The U.S. and its partners in the region have established geographical stakes in Syria’s crisis. To secure our long-term interests, those stakes must be protected, guaranteed and given the space to thrive. Creating and fostering these interim zones of opposition-controlled prosperity appears to be the best chance available to ensure that the Assad regime is not given the opportunity to re-establish soci-political dominance from east-to-west and north-to-south. If we are to work towards an interim period of reduced hostilities in Syria, then decentralizing authority to internationally-supported and defended and socially-representative opposition local councils may be the best way to strengthen our hand in determining the future design of a long-term settlement. If we pull both of our hands away from the opposition, then we will cede victory to those who guarantee further instability, to the detriment of our own long-term interests. We must also never forget that we are not just dealing with armed groups – we are playing with the lives of millions of innocent civilians.

To make the creation of interim zones of opposition-controlled prosperity a more attractive proposition to policymakers, Syria’s opposition armed factions, civil councils and exiled political bodies now face the greatest challenge of their revolution: to prove themselves to be flexible and professional partners worthy of continued support. Opposition groups in northern Syria may now have realized that welcoming Jabhat al-Nusra in as an ally was a double-edged sword, but that is five years too late. If Idlib is to be saved from the brutality of a pro-Assad coalition campaign or from becoming a walled-in ‘Talibanistan,’ then the opposition must urgently develop an alternative path forward there. Some elements of Syria’s opposition are in a position today to become valuable new partners in the continued U.S.-led fight against ISIS. Others who are not must urgently adapt to today’s new circumstances and work constructively to protect what they still control and represent.

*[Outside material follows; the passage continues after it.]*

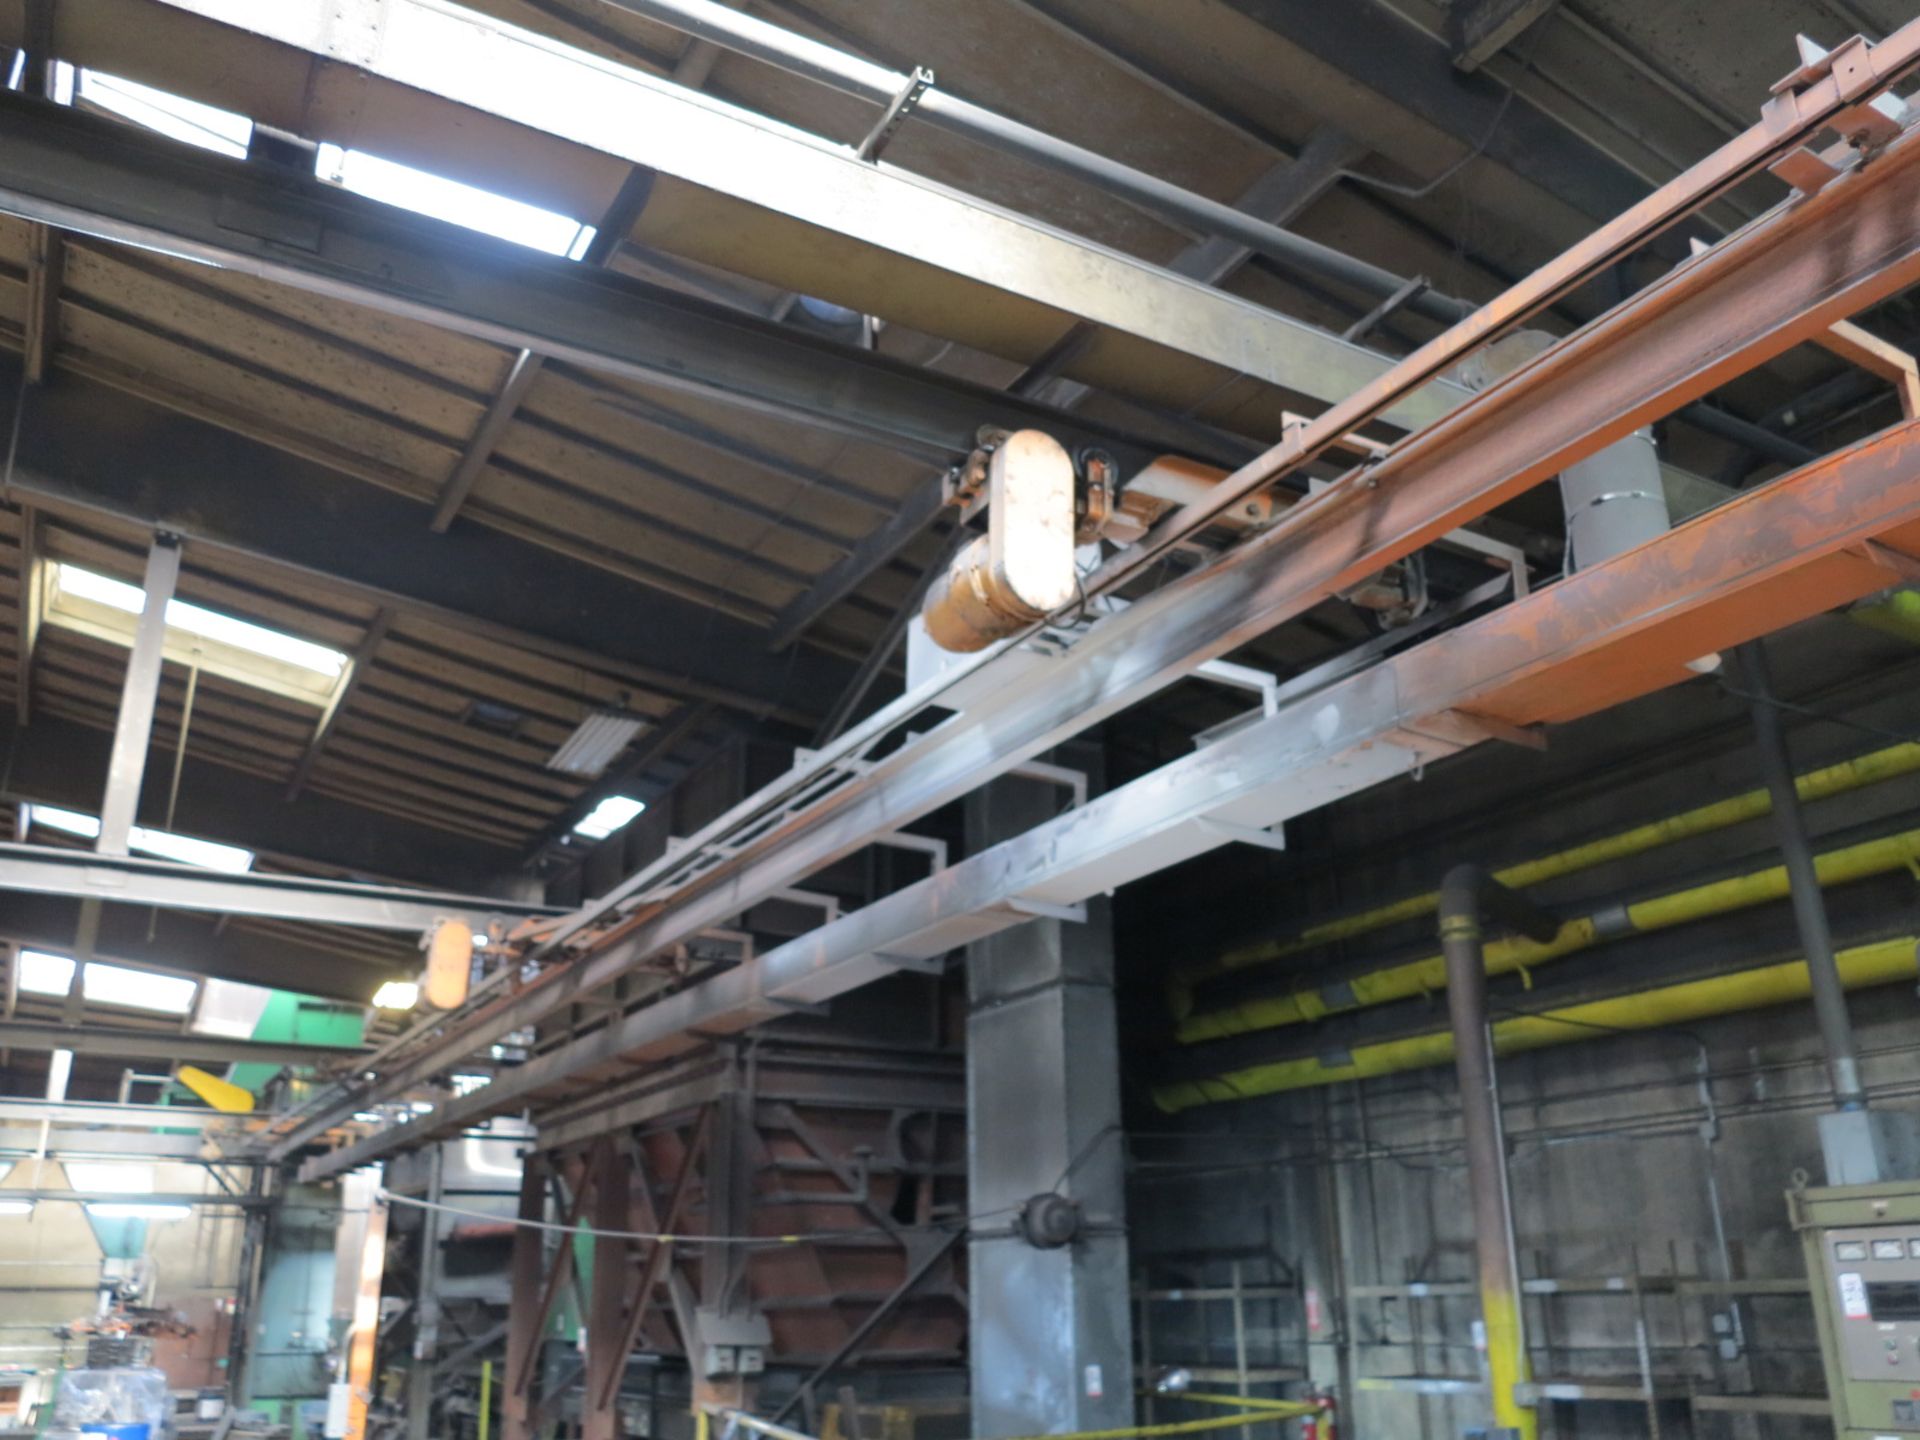 OVERHEAD CRANE SYSTEM W/ DUST COLLECTION/EXHAUST SYSTEM, APPROX. 120' SPAN, TRAVELS APPROX. 45' - Image 2 of 6
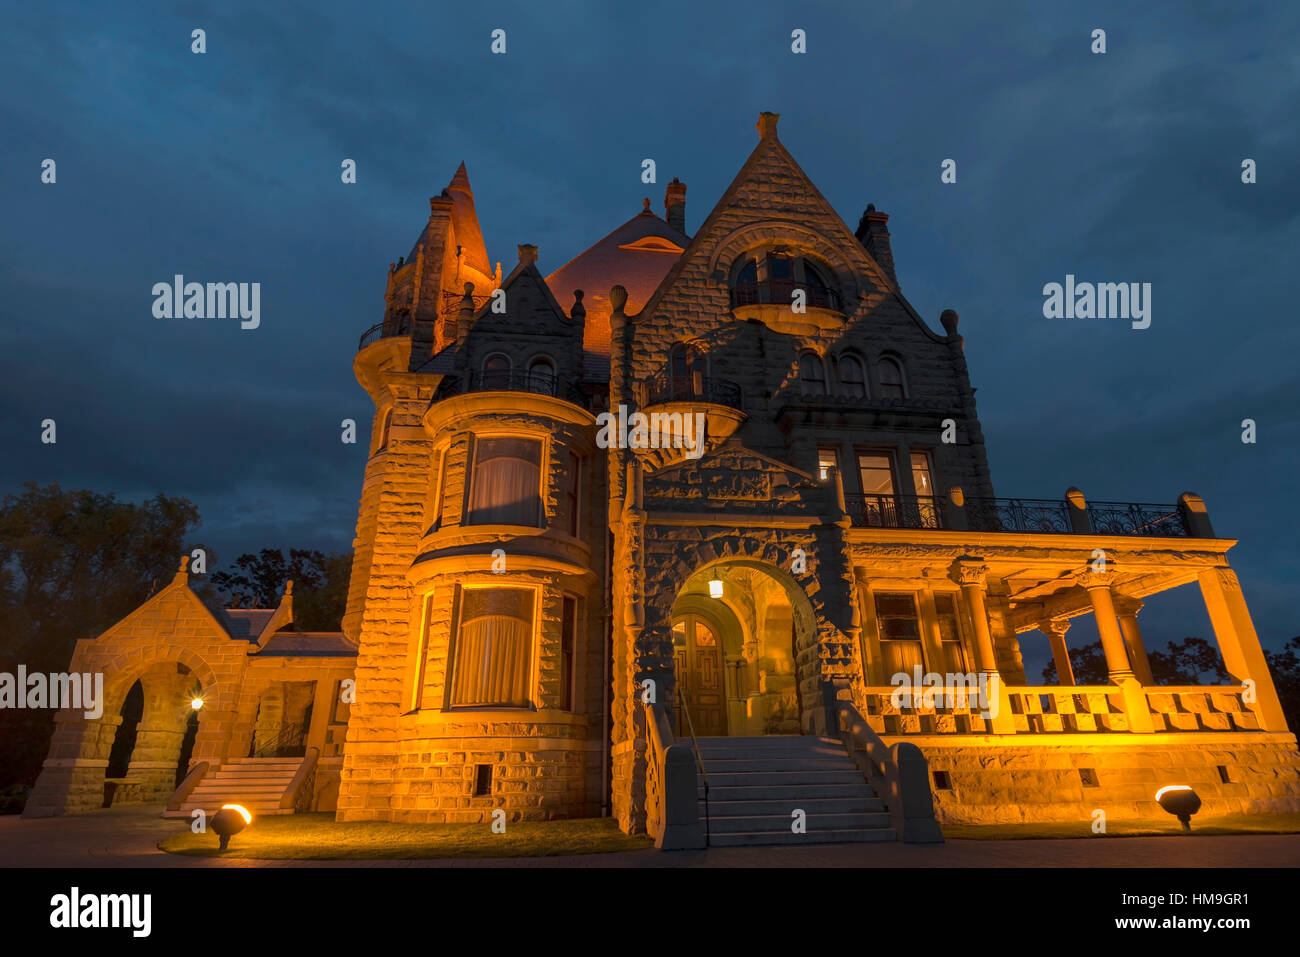 Canada National Historic Building in Vancouver Island -  Night  view of craigdarroch castle side 1. Stock Photo

For now, we appear to be in a stage in which Syria’s external players are forcing the Syrian crisis into a new phase, but not one that necessarily suits our interests. Iran is inches away from achieving its long-sought after status of Levantine hegemon; Hezbollah is immeasurably more powerful than before the Arab Spring; the conditions are being set for the return of “ISIS 3.0;” and Al-Qaeda has adapted its strategy and image to better exploit the kind of instability that looks set to grip the Middle East for many more years to come. The international community appears to be slowly surrendering its leverage in Syria to those who would guarantee more repression, more violence, more blood and more instability. If the UN Commission of Inquiry on Syria has sufficient evidence to prosecute Assad for war crimes, then we should not be the ones to protect him from what should be his eventual fate.